Given material ->

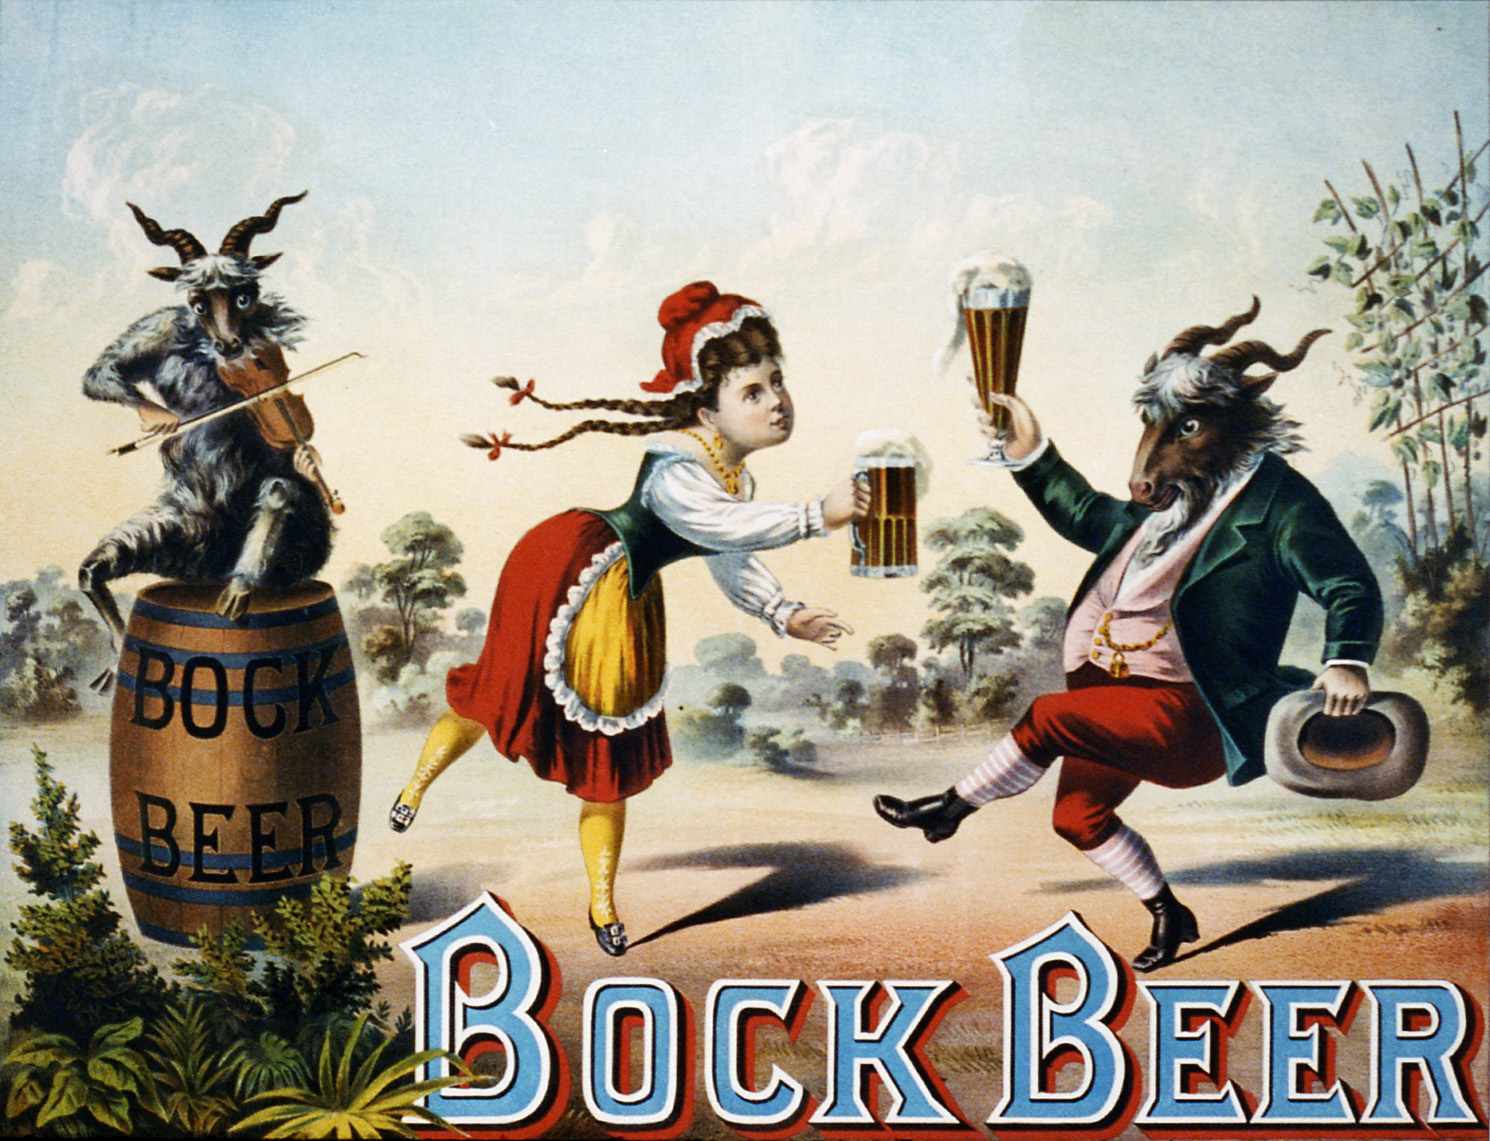 bock_beer_advertising_1882.jpg
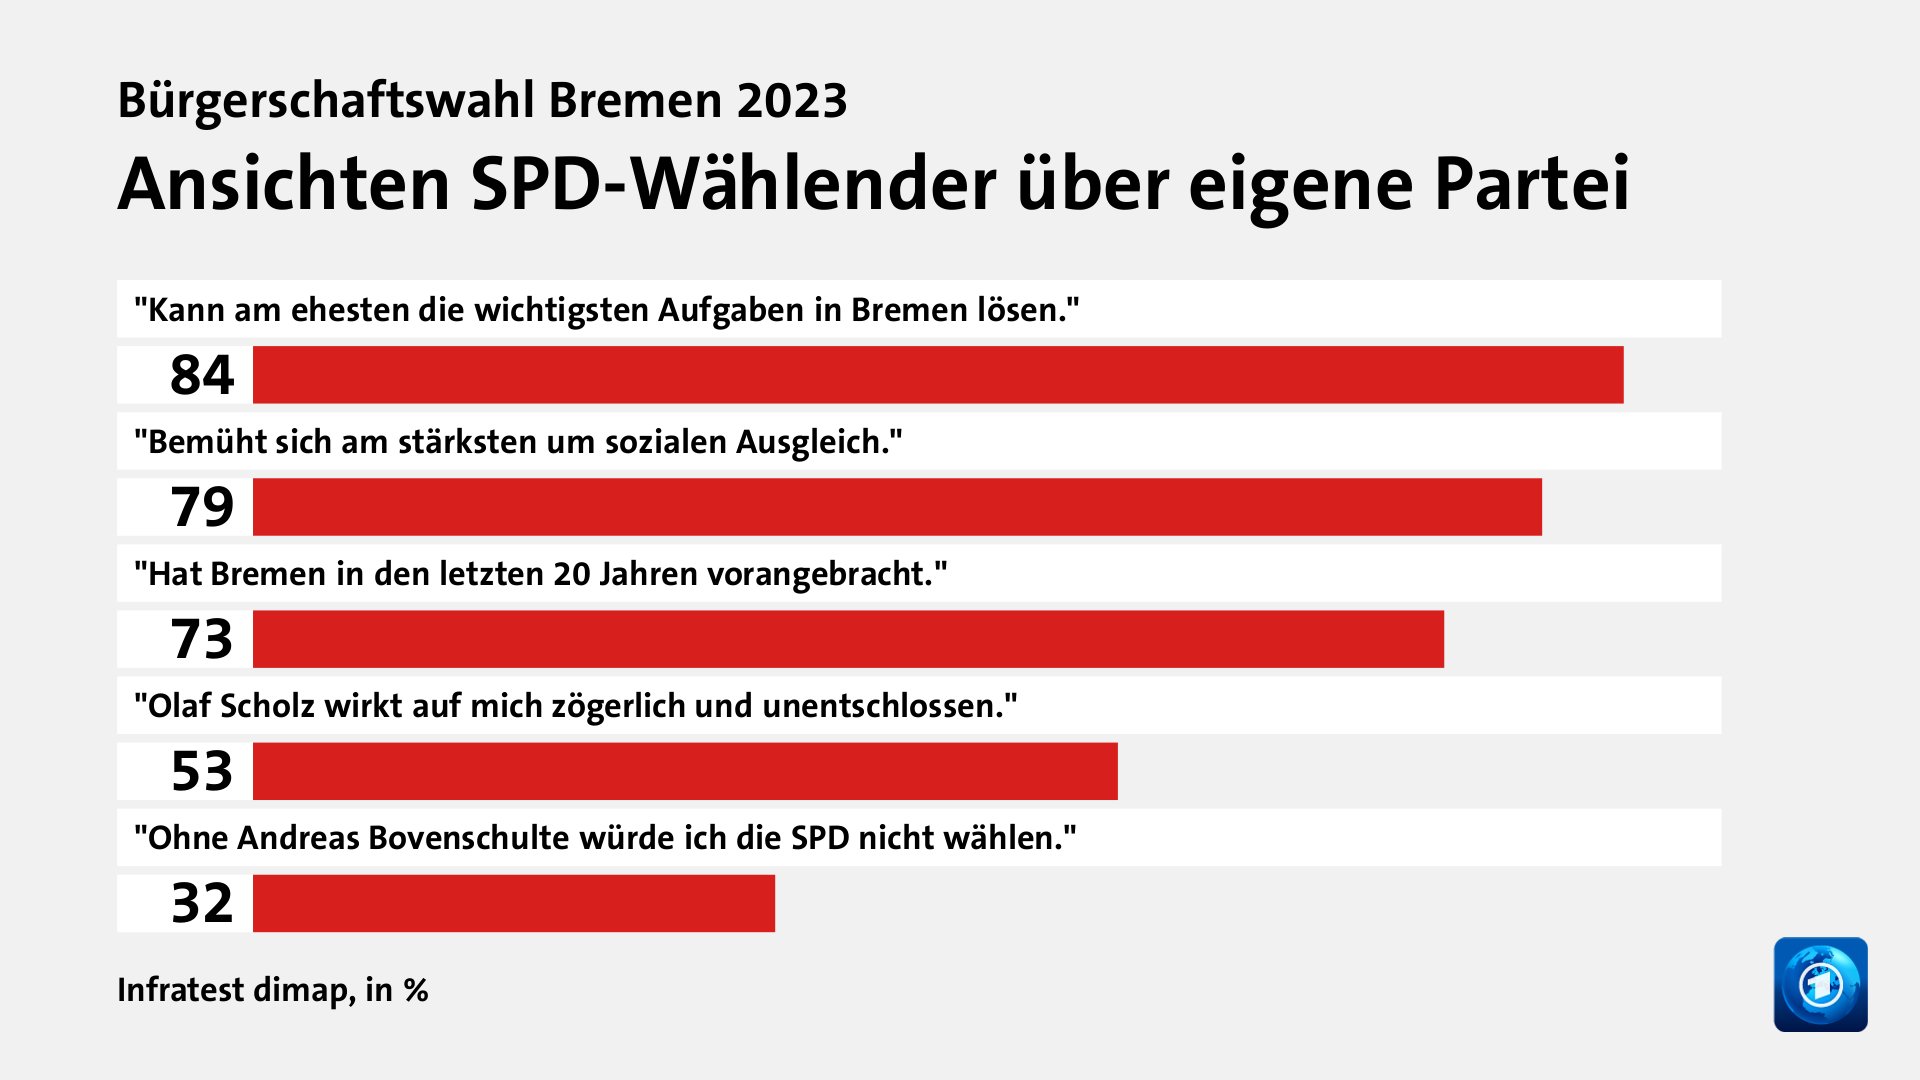 Ansichten SPD-Wählender über eigene Partei, in %: 
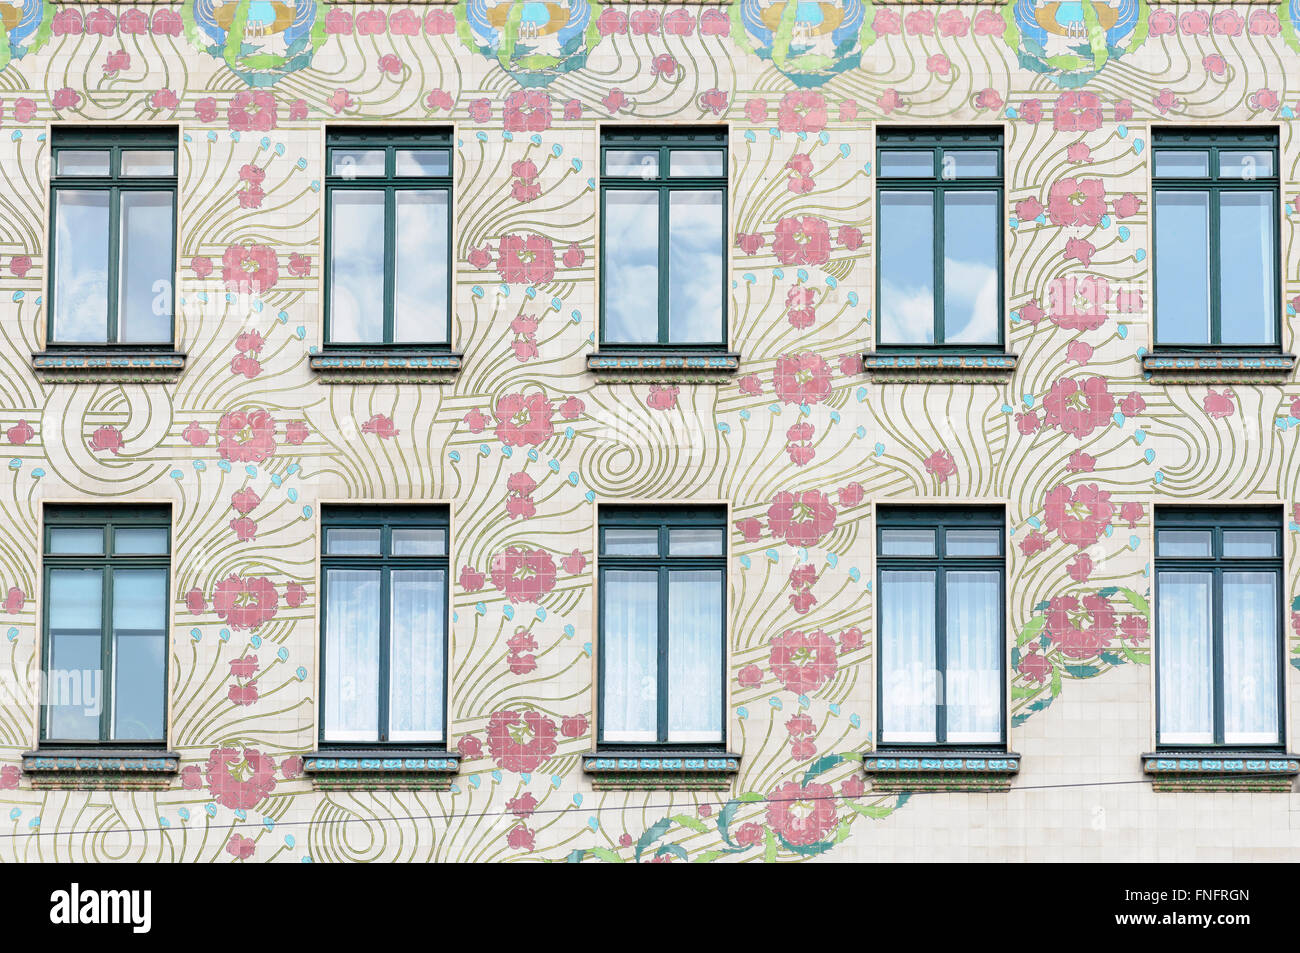 La ornamentada fachada Art Nouveau de la Majolika Haus por Otto Wagner, en Viena, Austria Foto de stock
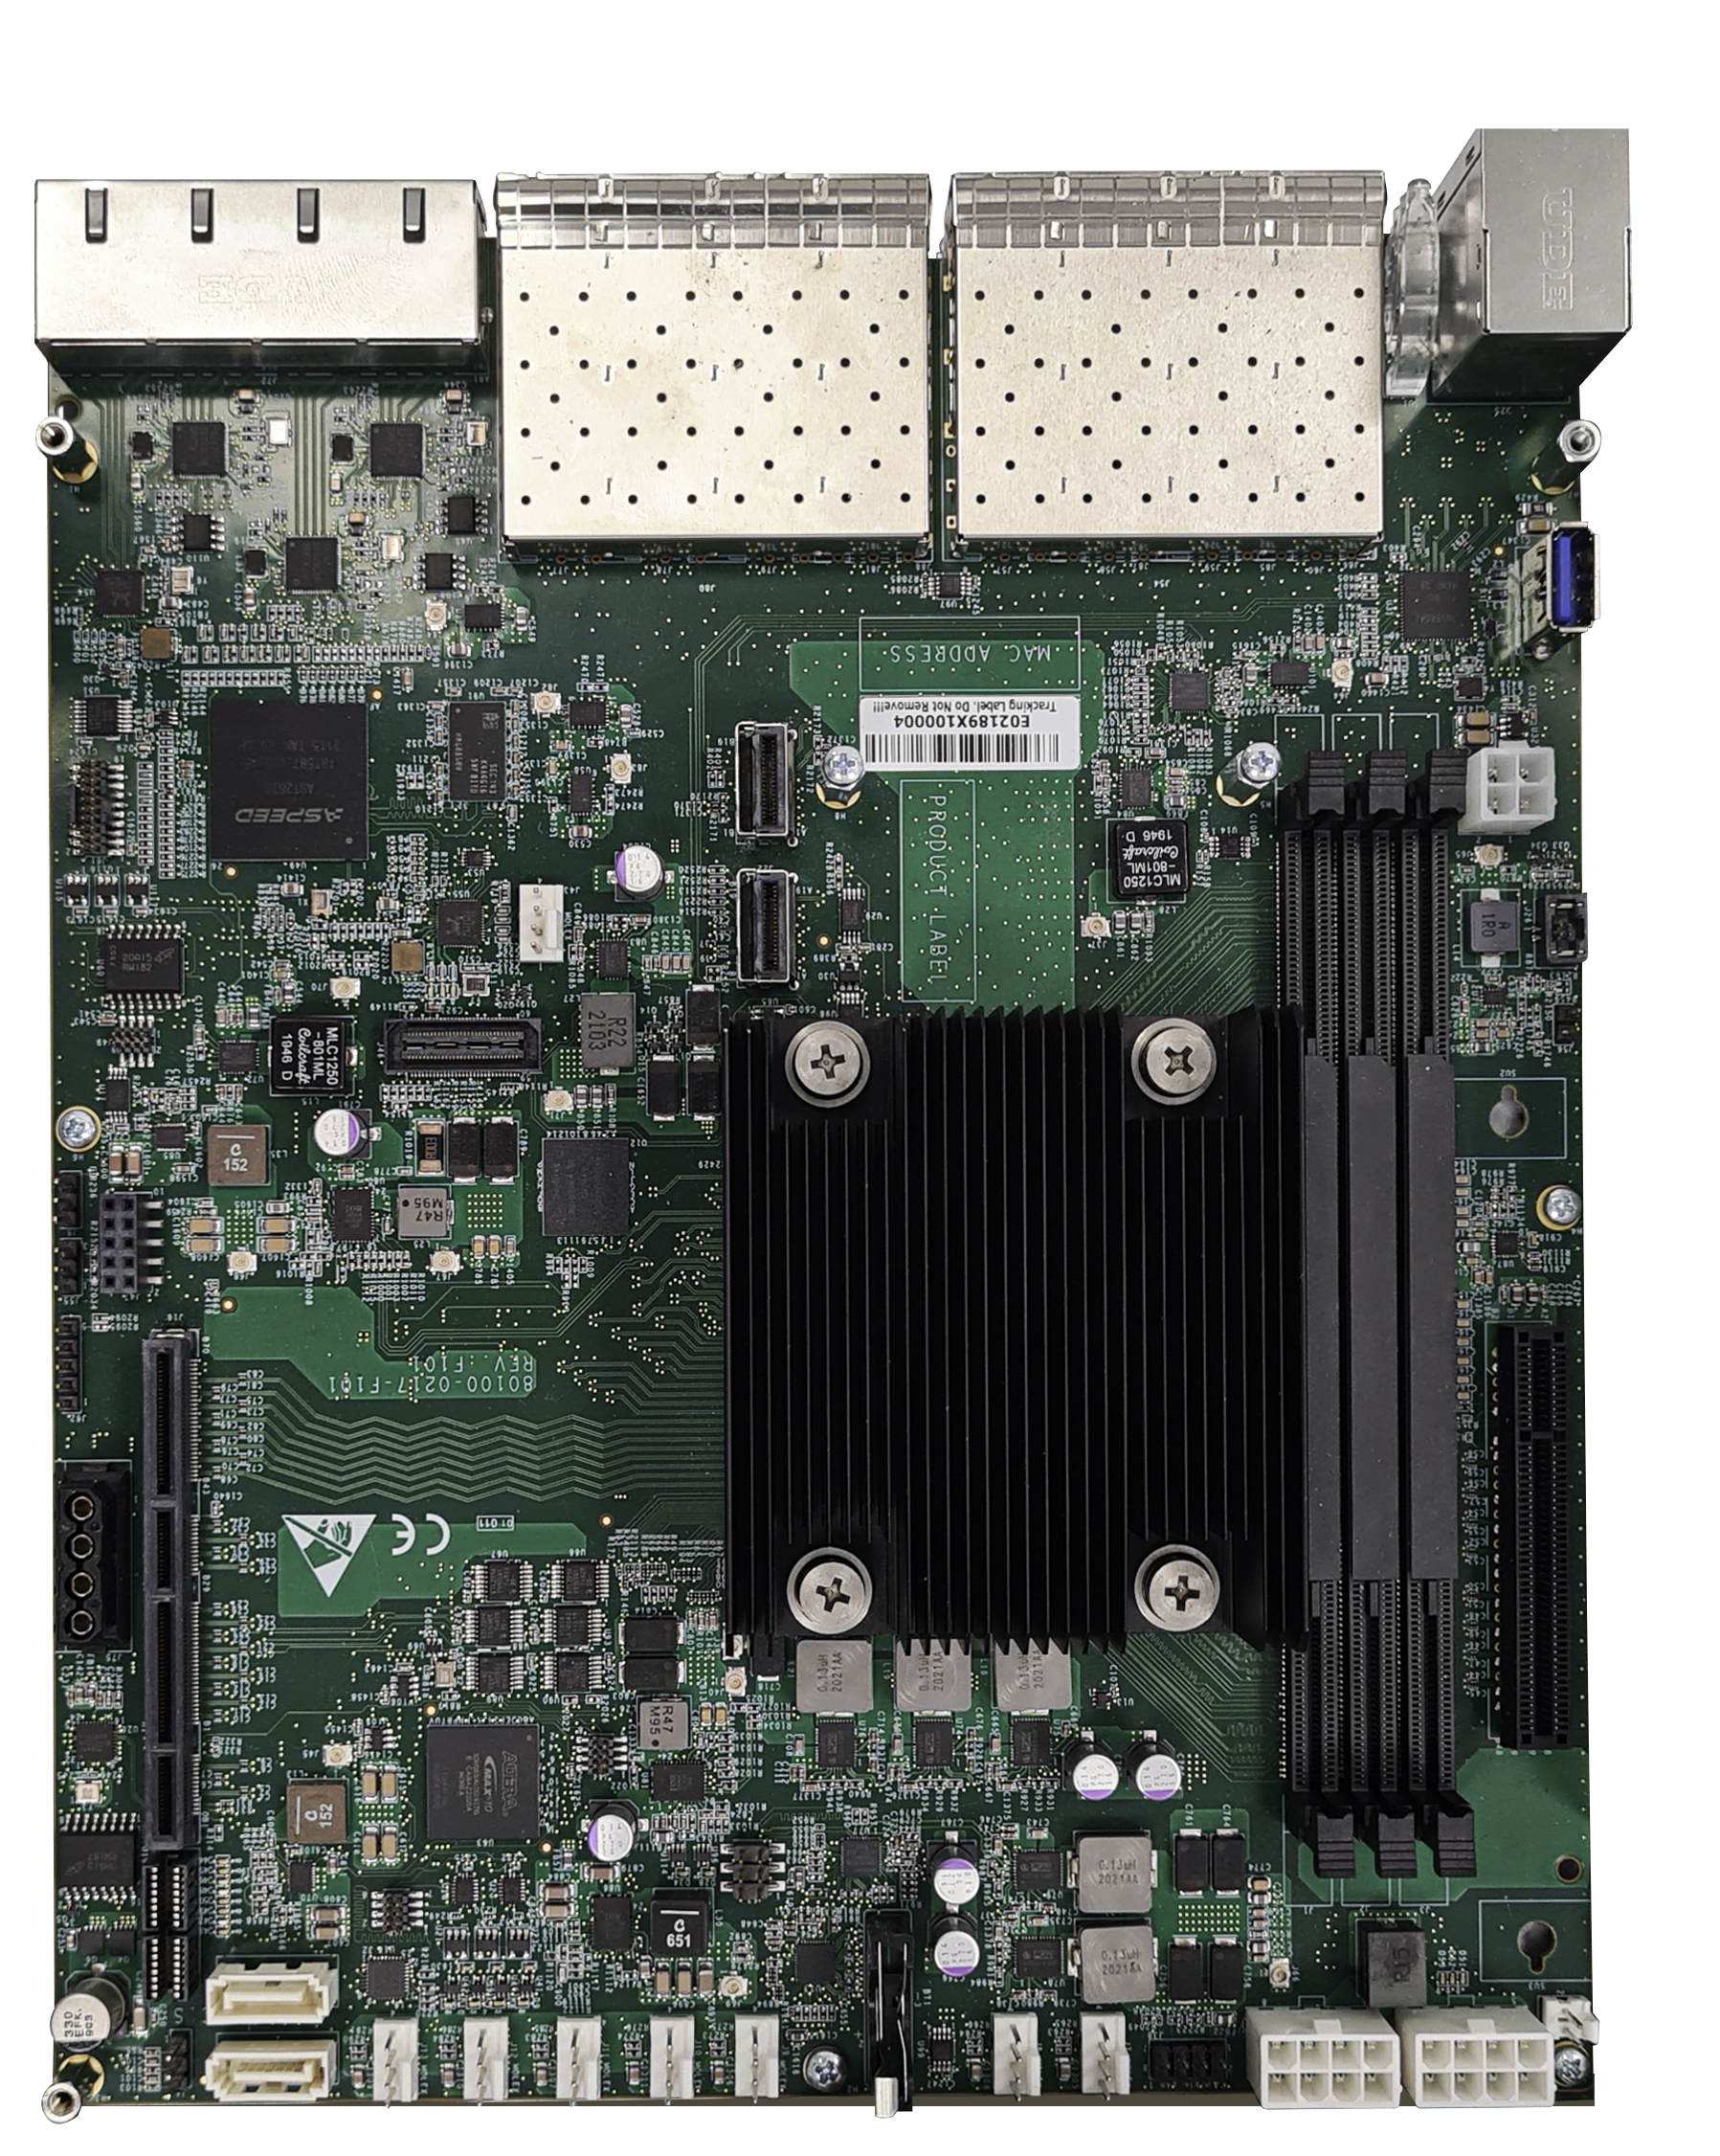 Silicom Marbella motherboard intel xeon based

Task instructions ->
Output everything in the material exactly. Pictures stay out of it.

Answer space ->
 bock_beer_advertising_1882.jpg
 Ansichten SPD-Wählender über eigene Partei, in %: 
 La ornamentada fachada Art Nouveau de la Majolika Haus por Otto Wagner, en Viena, Austria Foto de stock
 Silicom Marbella motherboard intel xeon based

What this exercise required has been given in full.